La justice reconnaît pour la première fois un lien direct entre les troubles anxieux d’une habitante de la Somme et la proximité d’un parc éolien installé près de chez elle. Une décision historique qui ouvre la voie à la reconnaissance du préjudice des riverains affectés par ces installations.
C’est une décision inédite en France. La justice a reconnu un lien direct entre les troubles anxieux d’une habitante de la Somme et la proximité d’un parc éolien installé près de son domicile. Une avancée majeure pour les riverains qui dénoncent depuis des années les effets de ces installations sur leur bien-être.
Tout commence en 2009. Douze éoliennes sont installées à seulement 750 mètres de la maison de cette habitante de la Somme. Trois mois plus tard, son état de santé se dégrade. Elle souffre de vertiges, d’acouphènes et de troubles du sommeil. Des symptômes qu’elle attribue aux infrasons émis par les éoliennes, mais aussi aux lumières clignotantes des mâts.
"Une angoisse permanente"
Très vite, une anxiété constante s’installe. "Quels sont les risques qu’elle encourt à cause de ces engins à côté de chez elle ?", explique son avocat, Me Philippe Bodereau. À cette inquiétude sanitaire s’ajoute une autre crainte : "Celle de ne pas pouvoir, plus tard, vendre sa maison à son juste prix".
Pour établir le lien entre cette anxiété et la présence du parc éolien, l’avocat demande une expertise neurologique.

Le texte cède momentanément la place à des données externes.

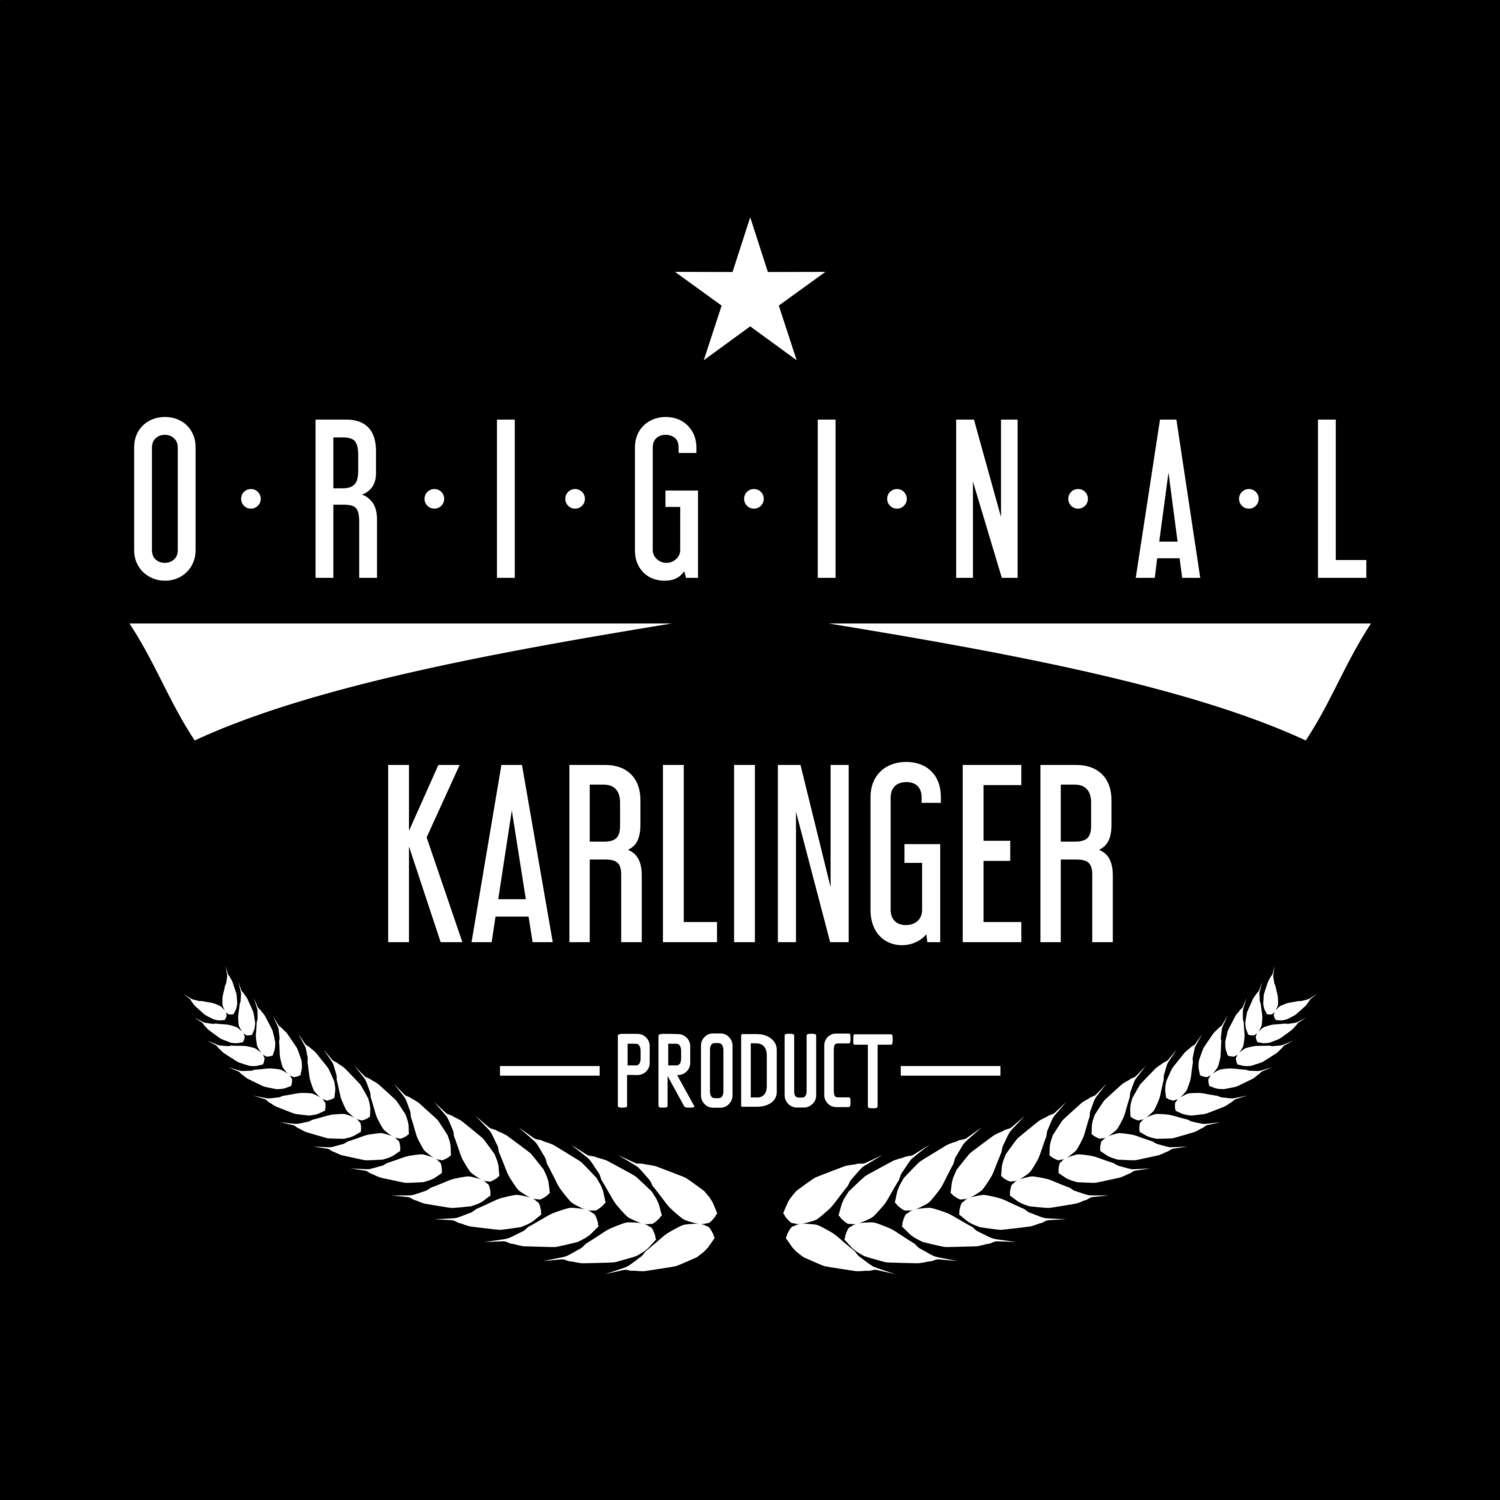 Karlinger T-Shirt »Original Product«

Le rapport fait état de céphalées apparaissant lors du fonctionnement des éoliennes.
Une décision historique pour les riverains
Après plusieurs années de combat judiciaire, la justice tranche. Elle reconnaît les éoliennes comme la cause directe du stress et des troubles anxieux de la plaignante. Une décision qualifiée d’"avancée considérable" par son avocat. "Elle permet désormais aux justiciables inquiets après l’installation d’éoliennes près de chez eux de faire reconnaître un préjudice, une angoisse liée à l’incertitude sur les effets de ces installations", explique-t-il.
Malgré cette décision, le parc éolien restera en place. Épuisée et excédée, l’habitante ne dort plus dans sa maison. Elle a choisi de s’installer dans un gîte lui appartenant, à distance des éoliennes.